Euro-Area Consumer Confidence Weakens in Wake of Brexit Vote

  • Gauge declines to minus 7.9 in July from minus 7.2 in June
  • U.K. vote seen hurting momentum in European economies

Consumer confidence within the euro area deteriorated in July after the U.K. voted to leave the European Union.  

An index of consumer confidence dropped to minus 7.9 this month, following a revised reading of minus 7.2 in June, the European Commission said on Wednesday. The median estimate by economists in a Bloomberg survey was minus 8.0.

By requiring a renegotiation of its economic ties, Britain’s June 23 vote has cast a pall over the region’s future.

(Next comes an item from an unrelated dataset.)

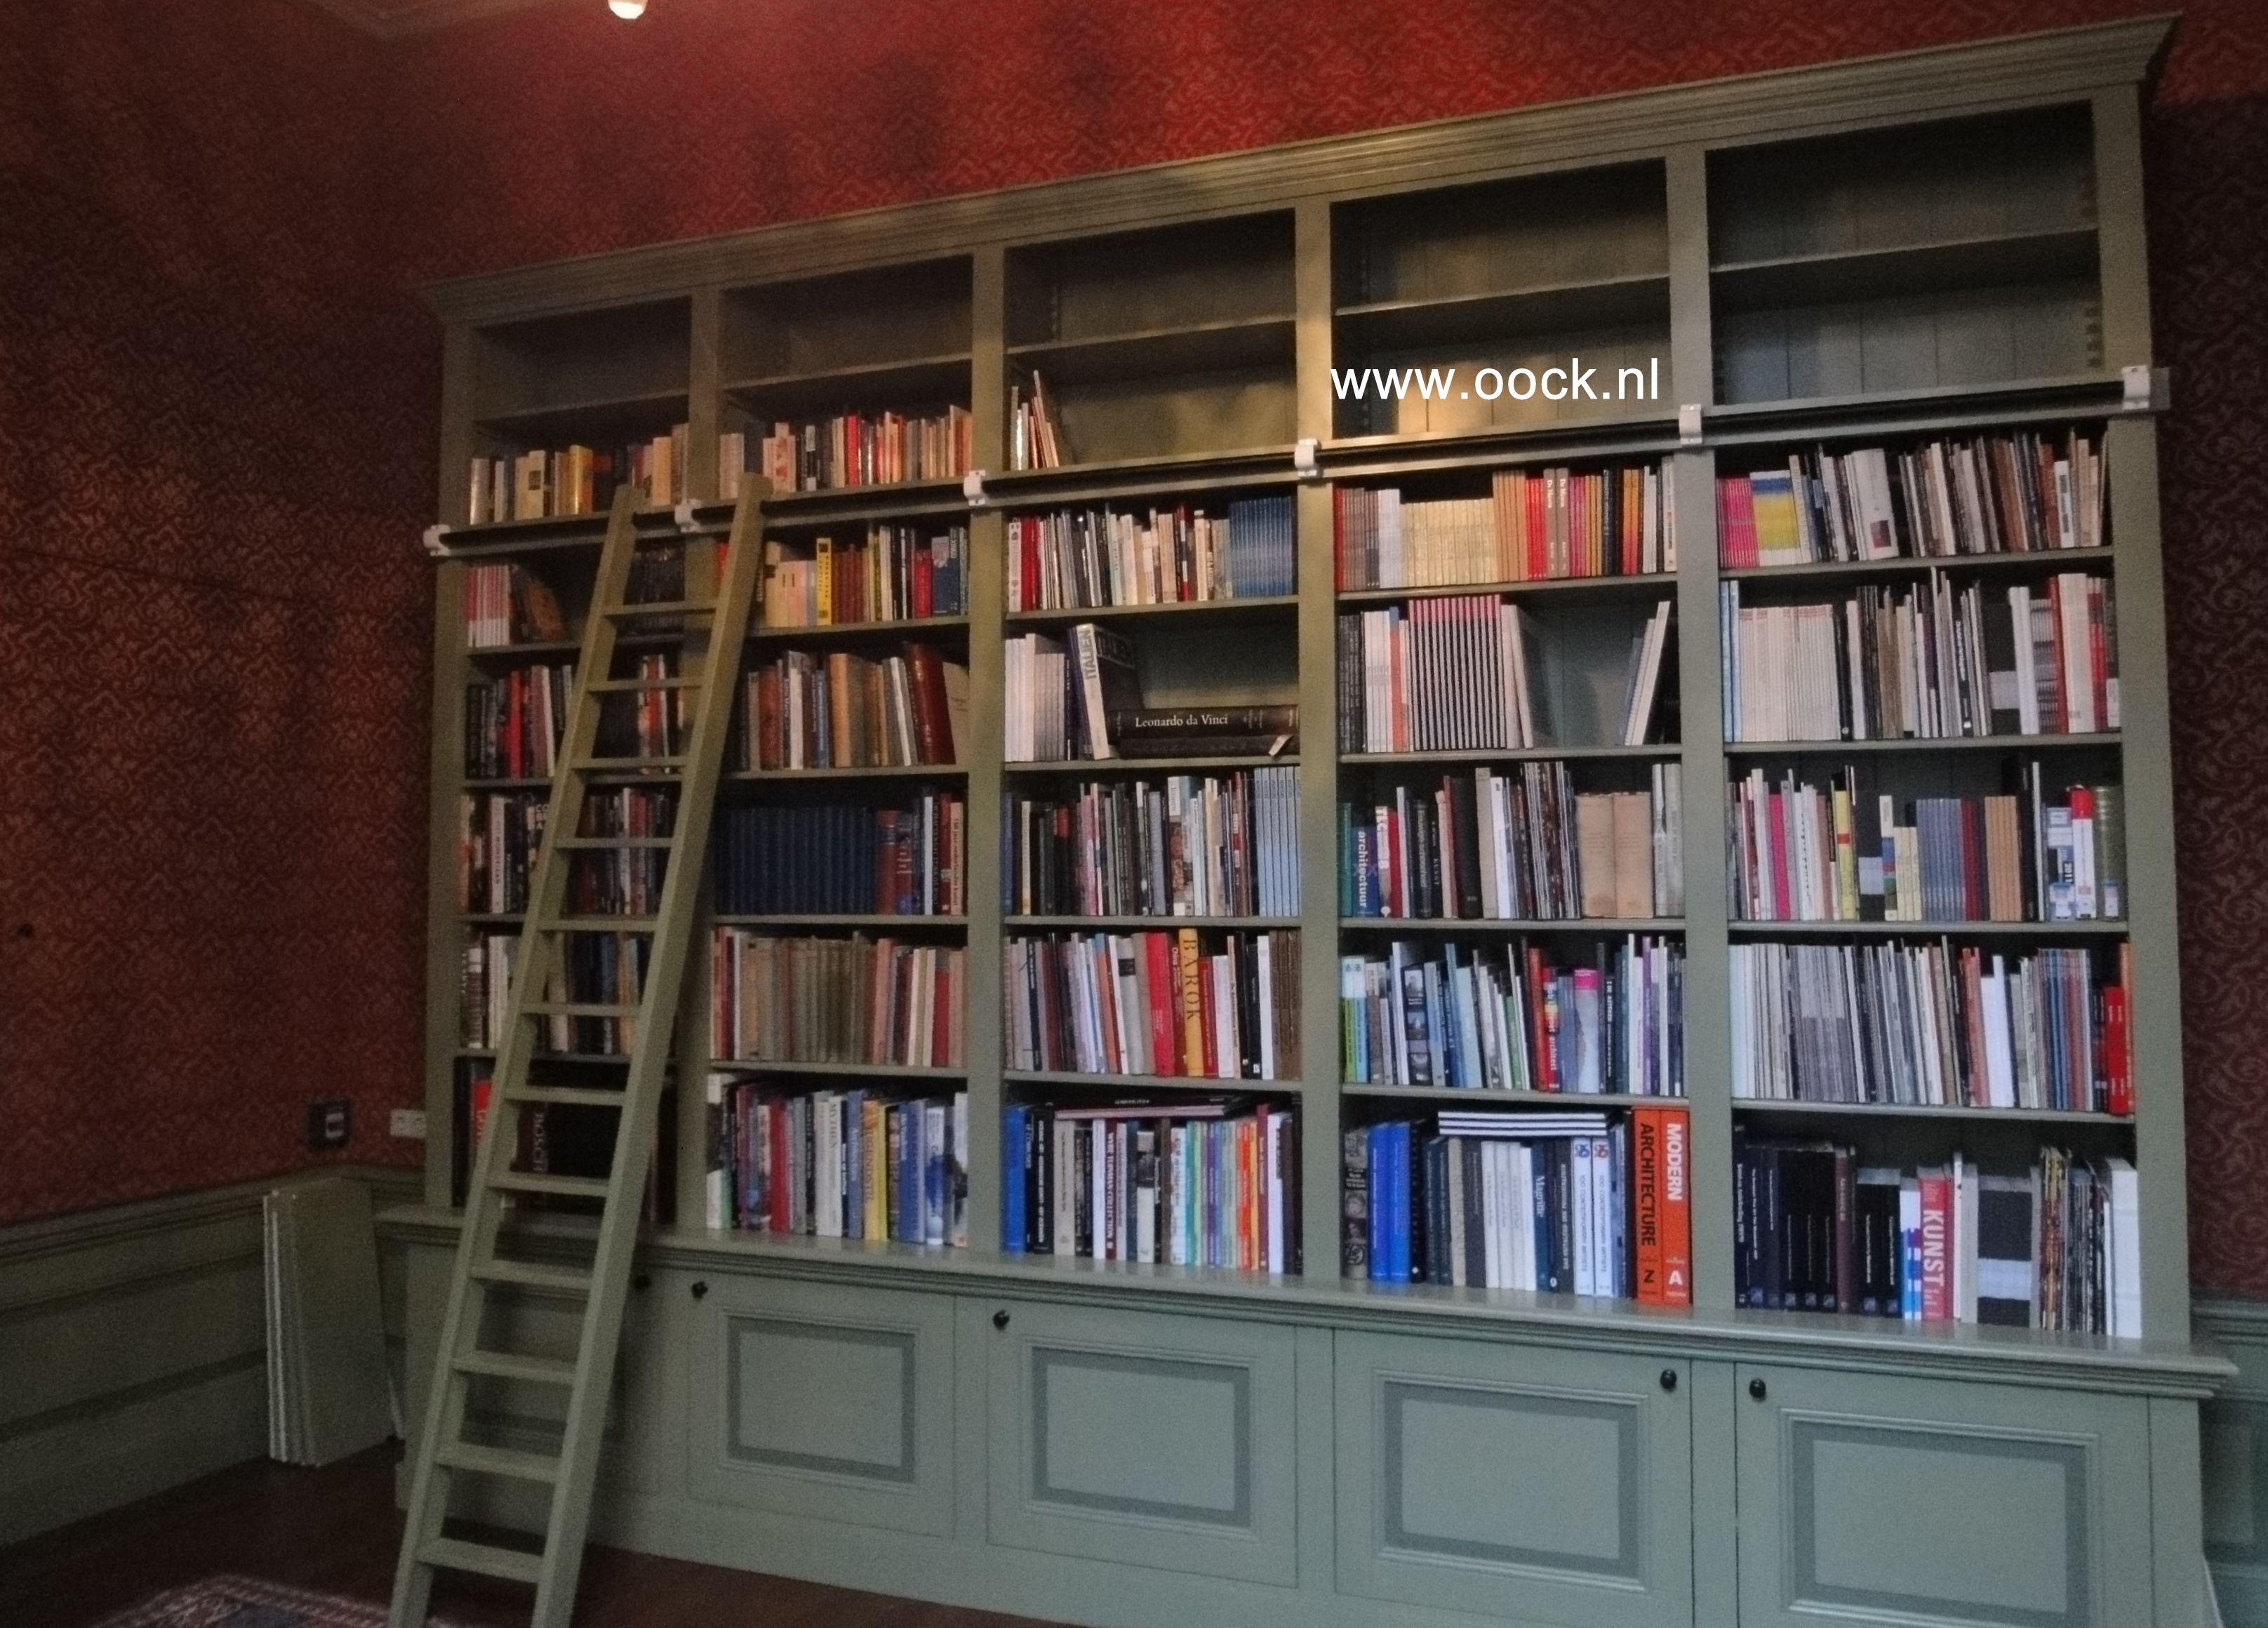 Klassieke boekenkast. kenmerken zijn de onderkasten die gekopieerd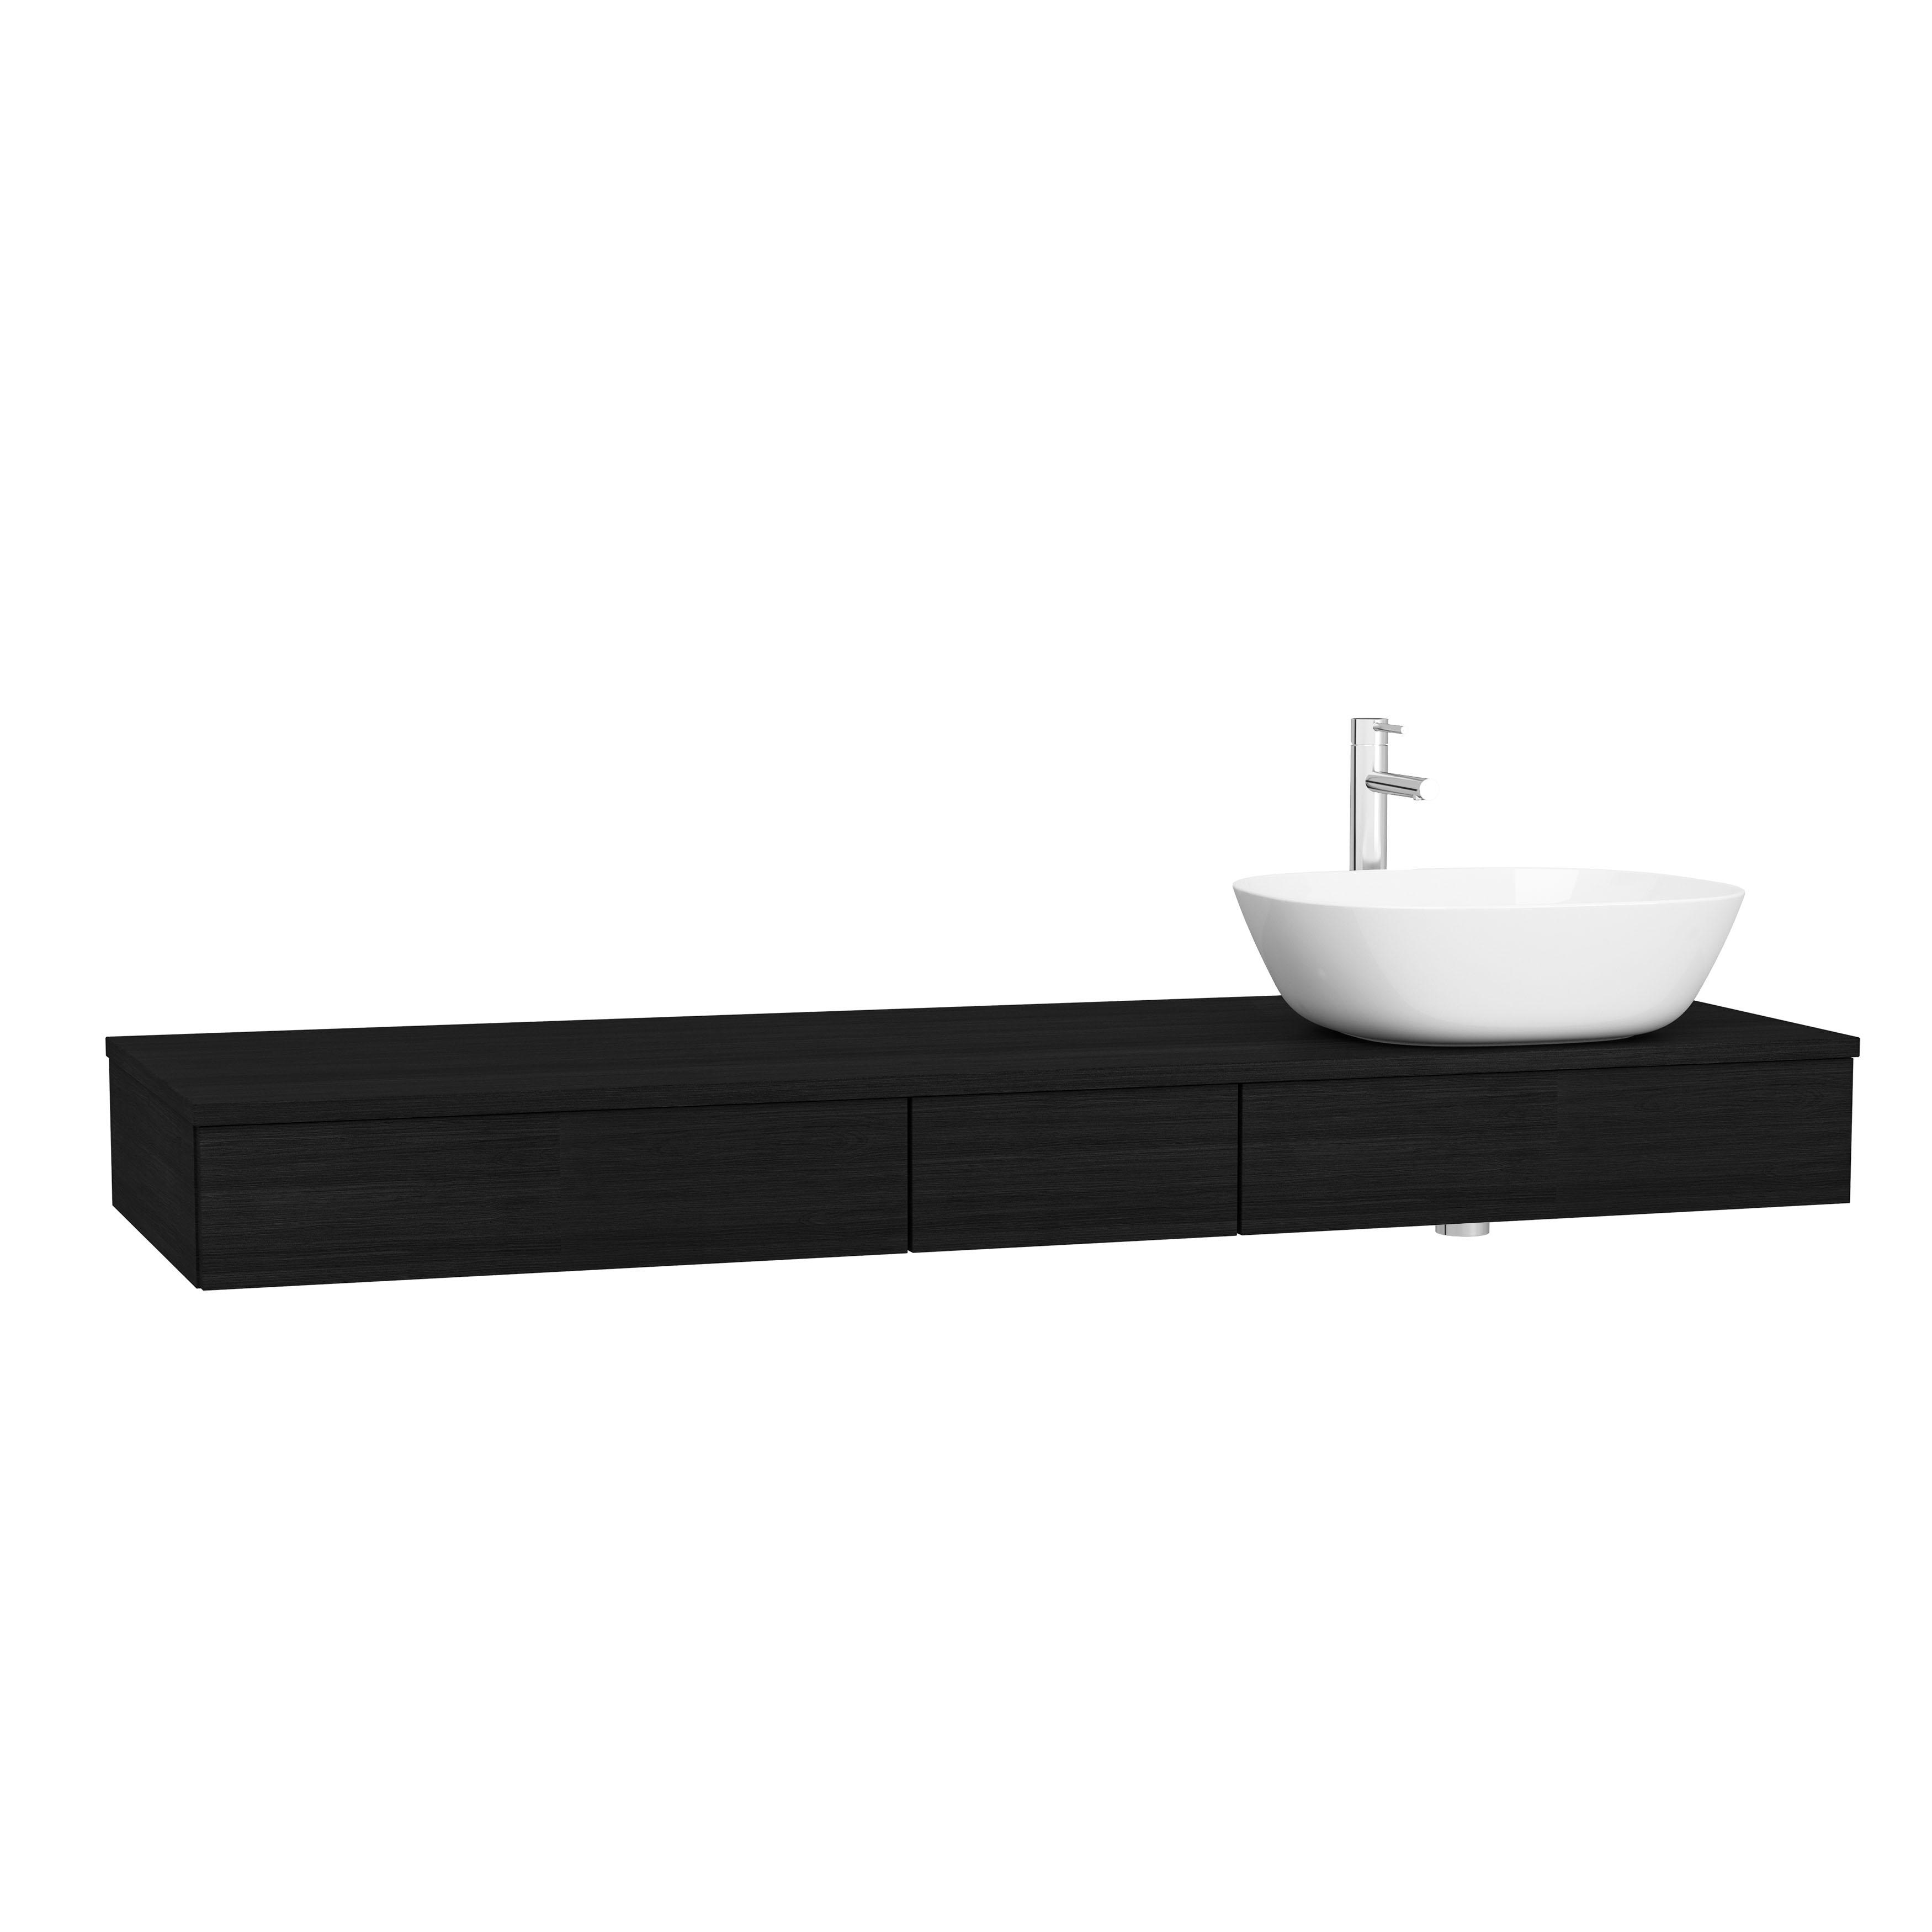 Origin plan de toilette avec tiroir, 150 cm, chêne noir structure, droite

The International Monetary Fund announced Tuesday it had grown less optimistic on the prospects for global growth and warned the damage could worsen if confidence falters among investors and companies. The lion’s share of the pain will be felt advanced European economies, it said.

In Britain, consumer confidence plunged the most in 21 years in the wake of the Brexit vote, data earlier this month showed.

The U.K. rift comes just as the European Central Bank seeks to shore up growth and inflation within the 19-country currency bloc. While Italy and France are battling with structural difficulties, the German economy is faring better on the back of record-low unemployment. Yet depending on how the British economy develops, uncertainty resulting from the Brexit referendum may have “negative repercussions,” Germany’s Economy Ministry in Berlin said last week.

Economists surveyed by Bloomberg predict the ECB’s Governing Council will keep interest rates and the pace of quantitative easing unchanged at its policy review on Thursday, but may decide to expand it later in the year. When President Mario Draghi holds his press conference after the decision, he’ll probably reiterate his call for a global alignment of monetary, fiscal and regulatory policies.